Mike StephensJanuary 15, 2018 01:44 pm
What WAS obvious is always easier for a defendant to fight as they can often come up with an expert who has trouble imagining what they thought was obvious at the time of the invention. For example, today many scientists would think that in late 1980’s it was obvious to engineer corn plants to make them resistant to insects by inserting Bt genes. However, in early 1989 no-one could engineer corn plants with GM technology to make a viable plant. My experience was that defendants then used experts to try to pursued jury’s that this was possible and hence the inventions were obvious. It is usual that it’s a battle to convince the jury or judge who’s expert is more believable; with both sides trying to impeach the other sides witnesses to negate their testimony. In the case I mention above the defendants lost. It appears in the case mentioned in this article the same defendants won. So much about defending patents is not about the simple facts but how it is argued – hence the value of good legal representation.

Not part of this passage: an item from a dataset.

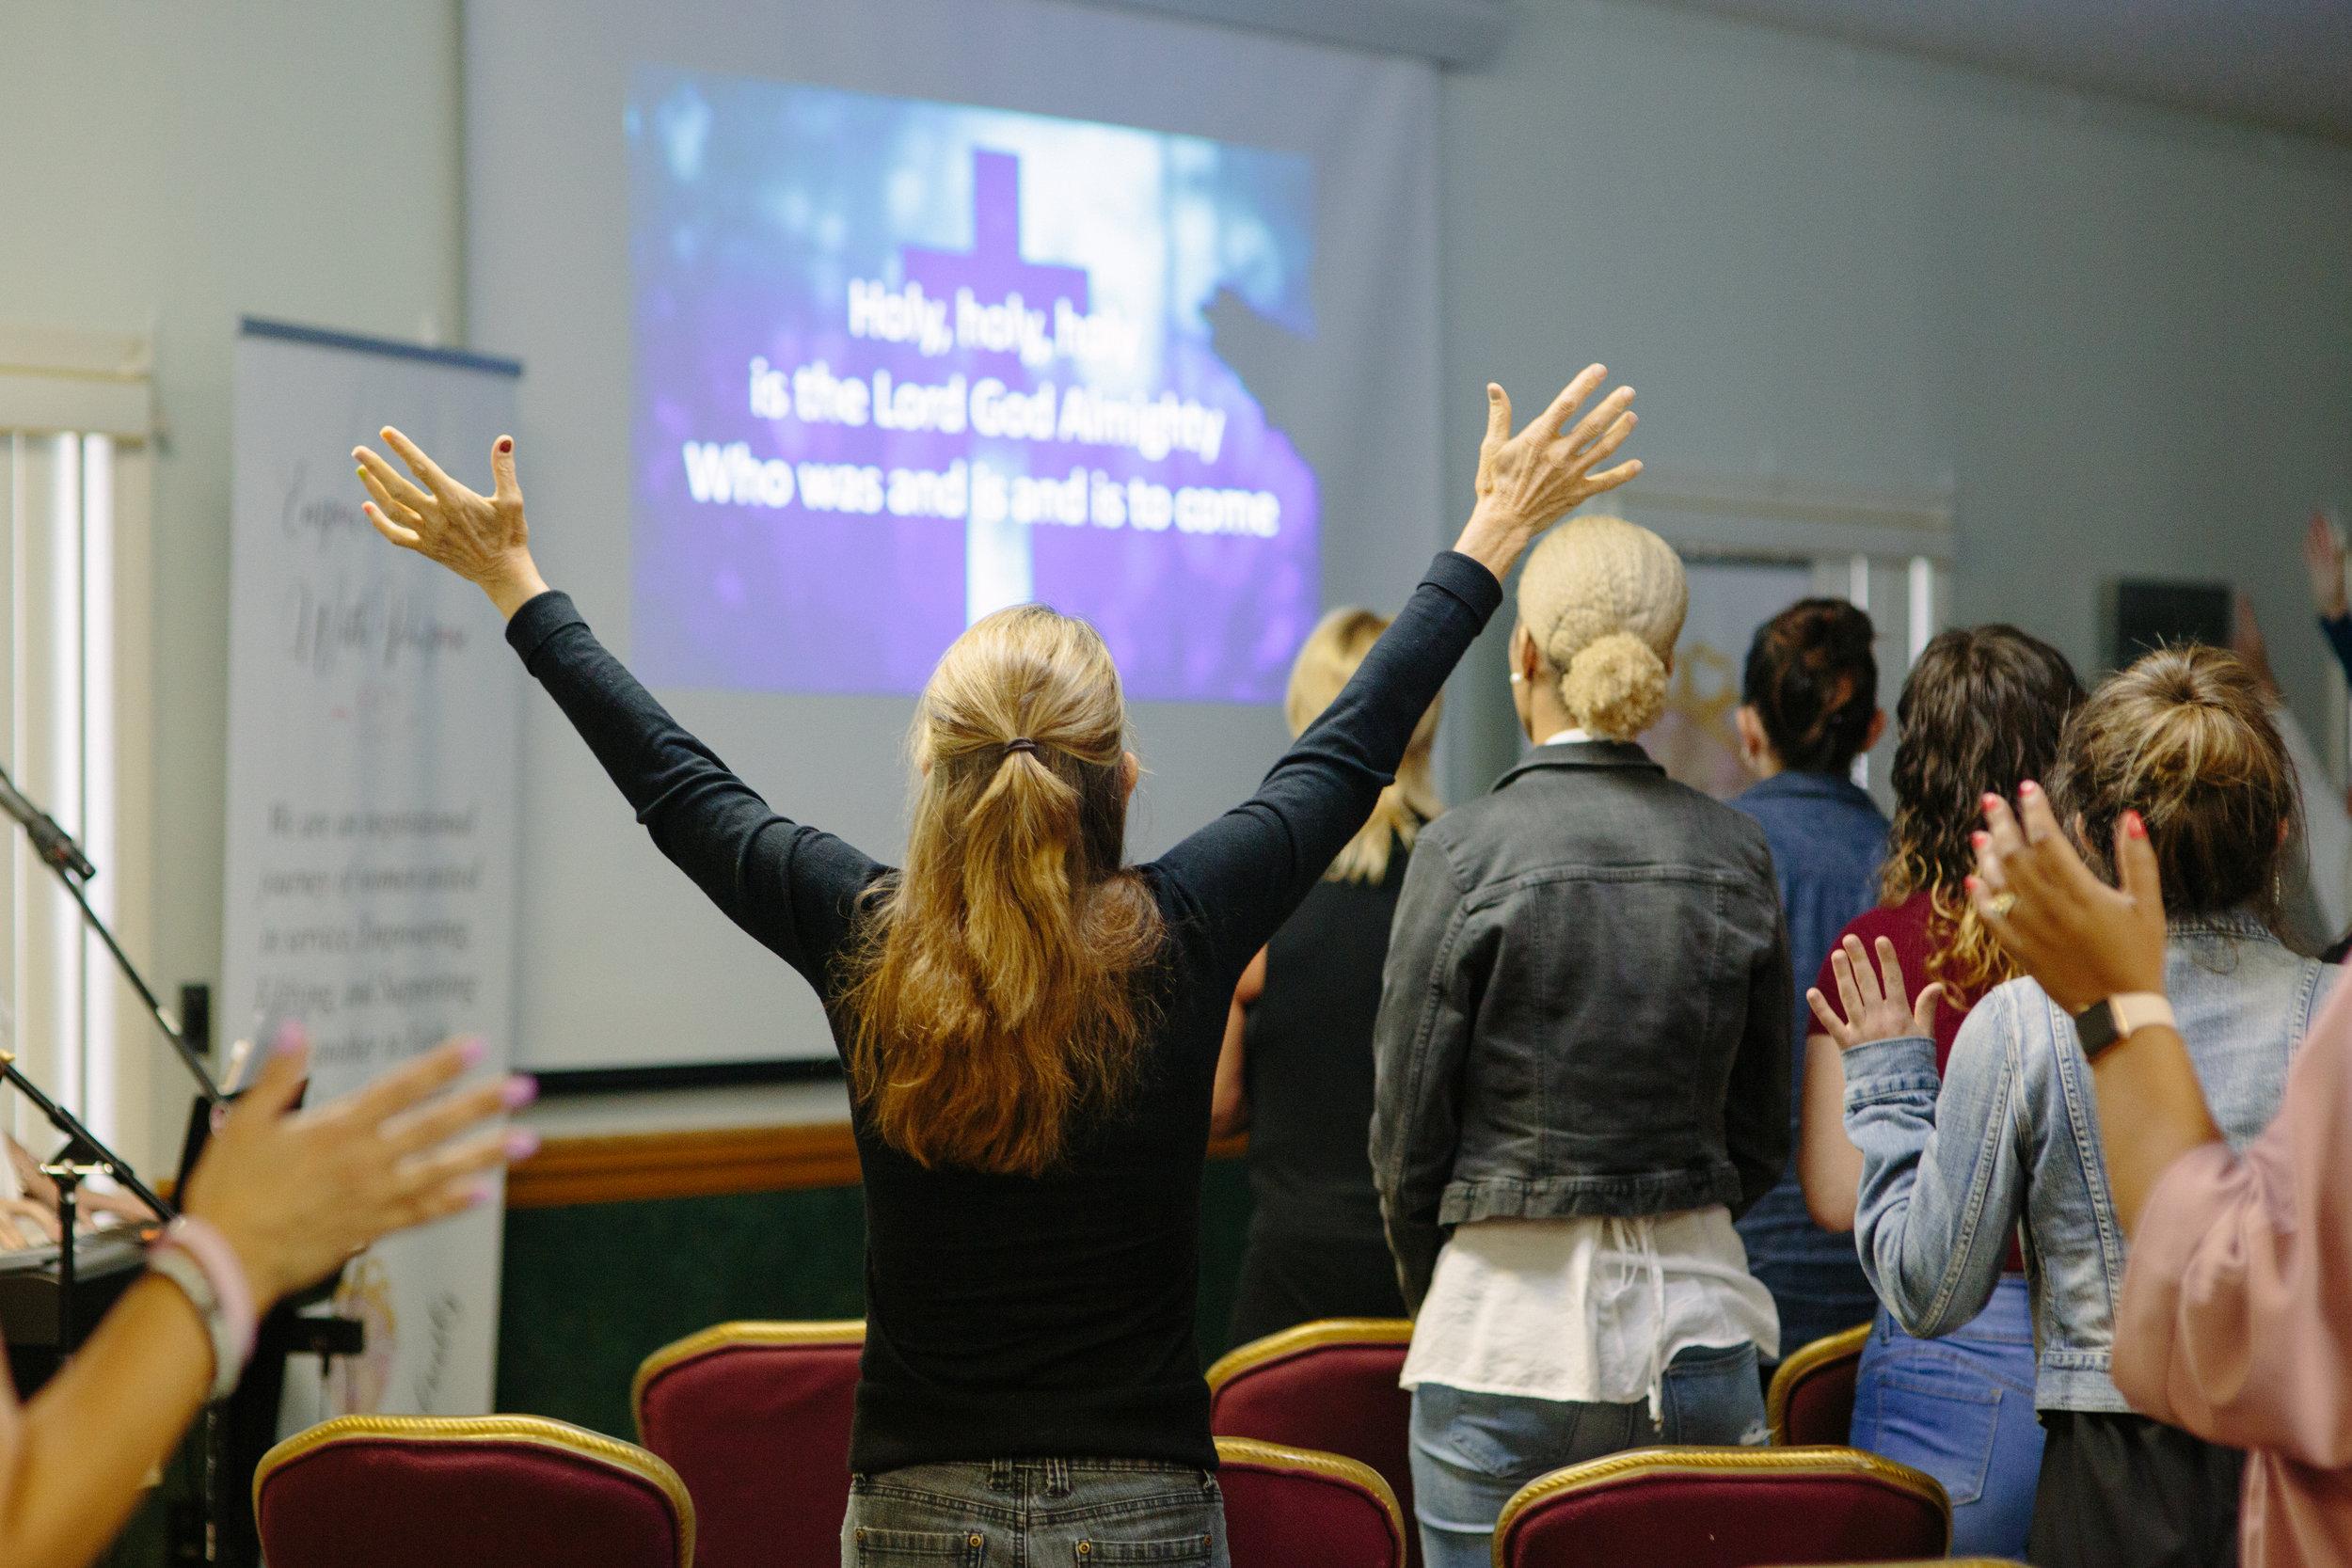 women-world-leaders-events

AnonJanuary 12, 2018 10:41 am
While I recognize that this is just a nit, but is anyone else irritated by the extensive use of the acronym “POSA?”
The legal term is PHOSITA.
The case uses the proper term – see section IV. A.:
“A patent claim is invalid as obvious “if the differences between the subject matter sought to be patented and the prior art are such that the subject matter as a whole would have been obvious at the time the invention was made to a [PHOSITA].” 35 U.S.C. § 103(a) (2006).”